# New grips



## West River WoodWorks (Jul 5, 2012)

Here are the first two sets of grips I have made. Curly koa on the 22 and wenge for the 40. I used tru oil for the finish and then buffed them with the Beal buffing system.
Now its time to go have fun!
[attachment=7460]
Tom


----------



## HomeBody (Jul 7, 2012)

I guess I don't get out much. I've used Tru-Oil for 30 yrs. but I've never heard of the Beal Buffing System. What is it? It must work, your grips sure look nice. Gary


----------



## Mizer (Jul 7, 2012)

They look pretty good! Especially for your first ones.


----------



## West River WoodWorks (Jul 9, 2012)

HomeBody said:


> I guess I don't get out much. I've used Tru-Oil for 30 yrs. but I've never heard of the Beal Buffing System. What is it? It must work, your grips sure look nice. Gary



The buffing system works really well, gives a glassy smooth finish. 

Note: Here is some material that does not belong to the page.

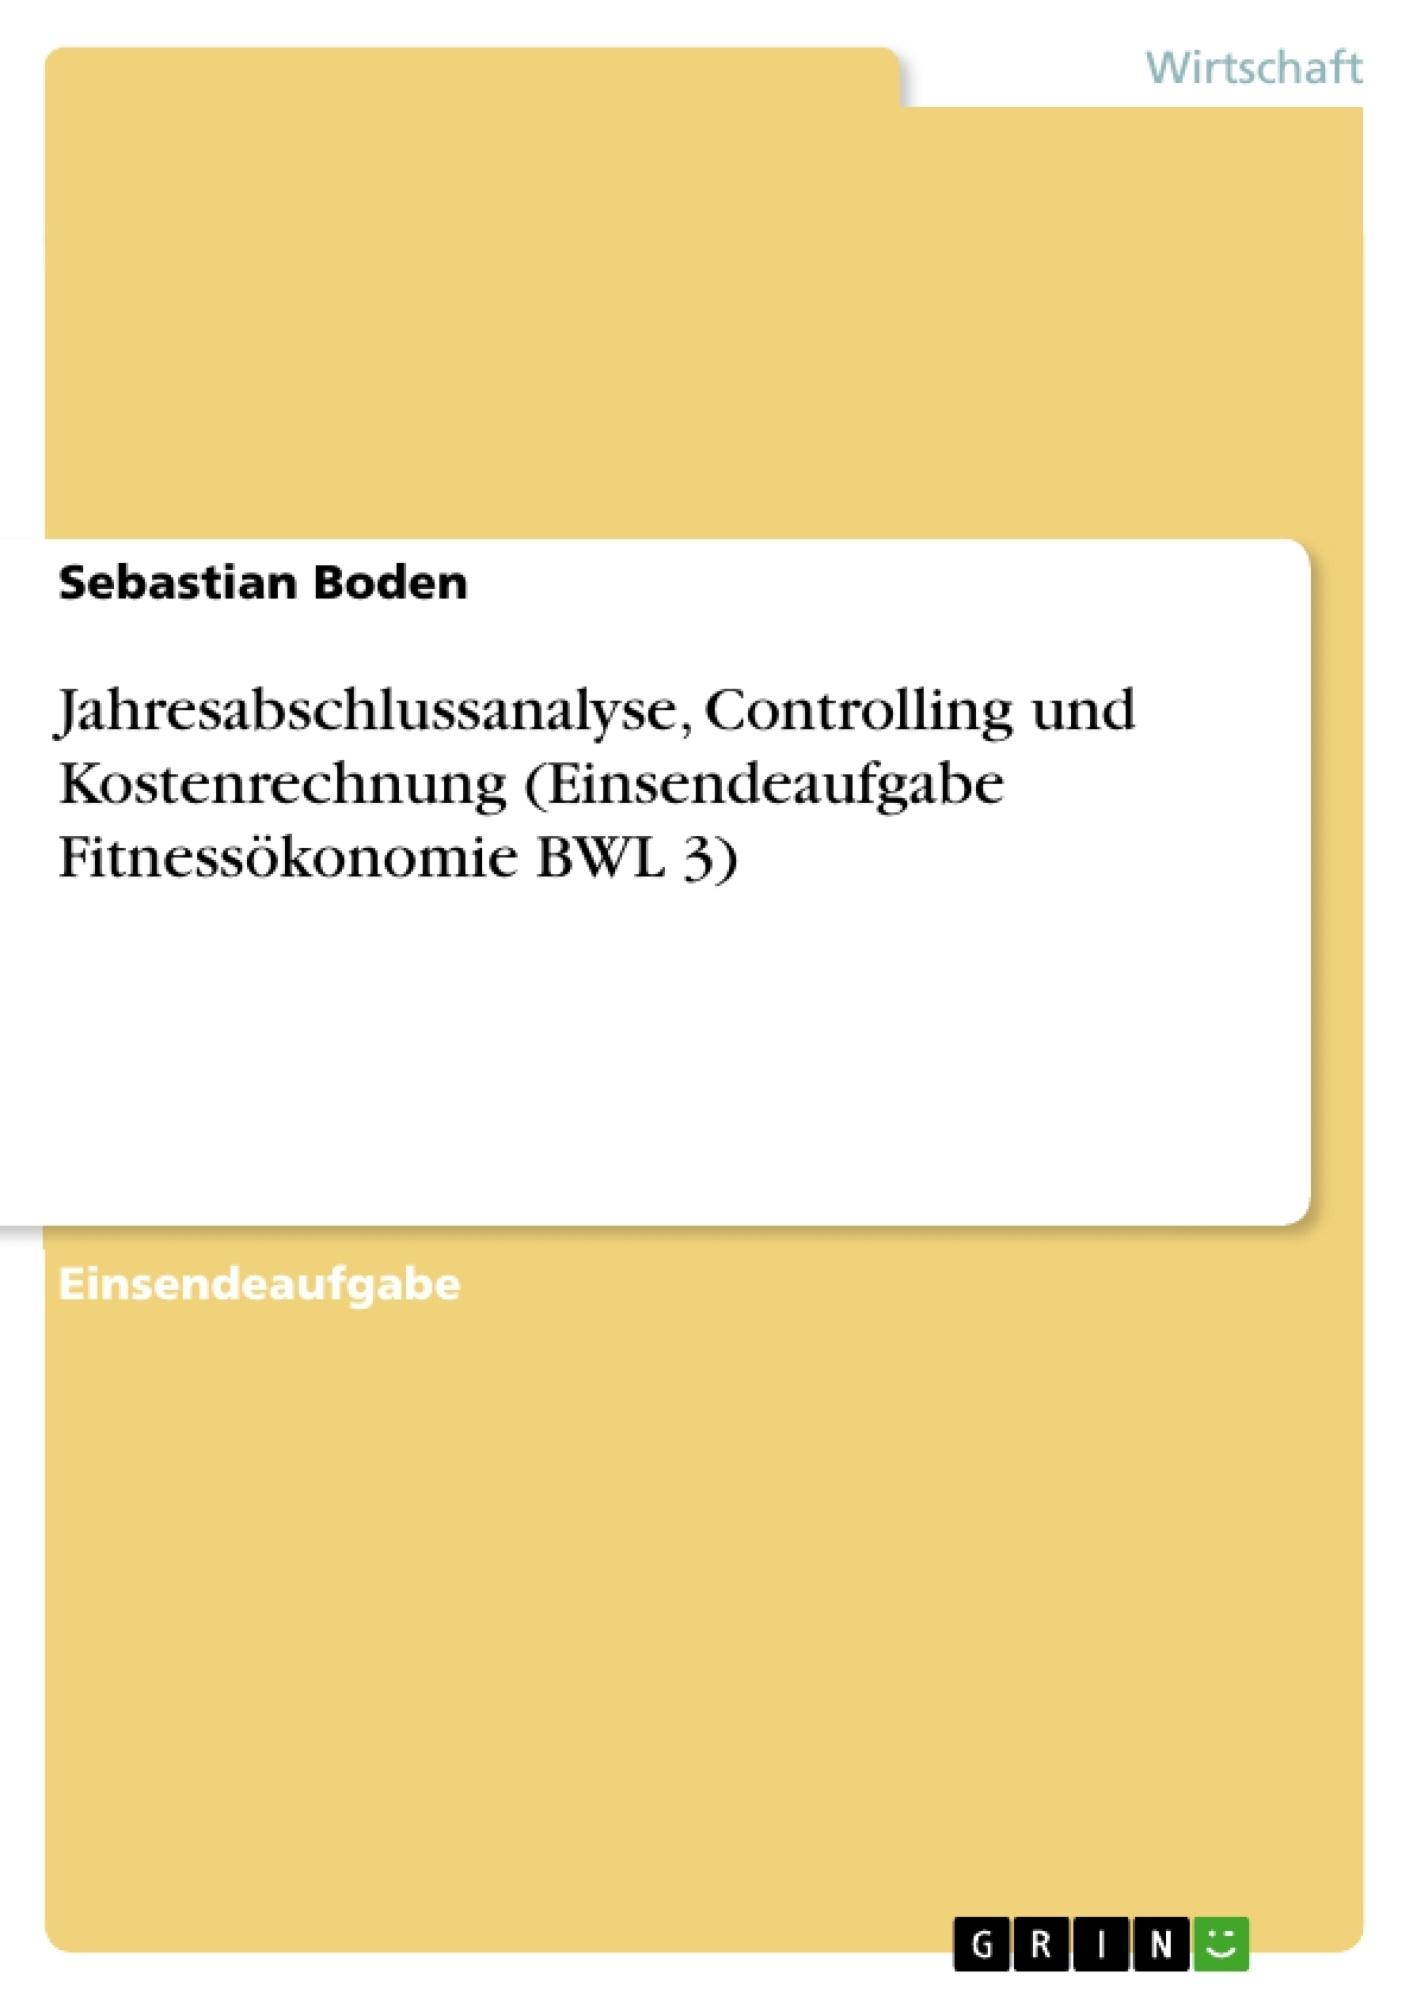 Titel: Jahresabschlussanalyse, Controlling und Kostenrechnung (Einsendeaufgabe Fitnessökonomie BWL 3)

http://www.woodcraft.com/product/2002036/3729/beall-wood-buff-system.aspx

I bought it for pens but have been using it on everything I can easily hold up to it.
Tom


----------



## Talisman1A (Jul 16, 2012)

West River WoodWorks said:


> Here are the first two sets of grips I have made. Curly koa on the 22 and wenge for the 40. I used tru oil for the finish and then buffed them with the Beal buffing system.
> Now its time to go have fun!
> 
> Tom


I've got some Koa and some Wenge, plan is to have some riflestocks made out of them. I just hope they turn out as nice as these grips.


----------



## Talisman1A (Jul 16, 2012)

West River WoodWorks said:


> Here are the first two sets of grips I have made. Curly koa on the 22 and wenge for the 40. I used tru oil for the finish and then buffed them with the Beal buffing system.
> Now its time to go have fun!
> 
> Tom


I've got some Koa and some Wenge, plan is to have some riflestocks made out of them. I just hope they turn out as nice as these grips.


----------



## West River WoodWorks (Jul 16, 2012)

Talisman1A said:


> West River WoodWorks said:
> 
> 
> > Here are the first two sets of grips I have made. Curly koa on the 22 and wenge for the 40. I used tru oil for the finish and then buffed them with the Beal buffing system.
> ...




Thanks for the compliment!:irishjig:
The Koa shouldnt be any problem, works easiy and finishes beautifully.
The Wenge was a bit more work. It has natural lines which need to be filled with CA or epoxy. I didnt do this and it took more work to get the grips to finish out the way I liked them.
Good luck to you on your rifle stock build, I will be trying to build one this fall. 
Tom


----------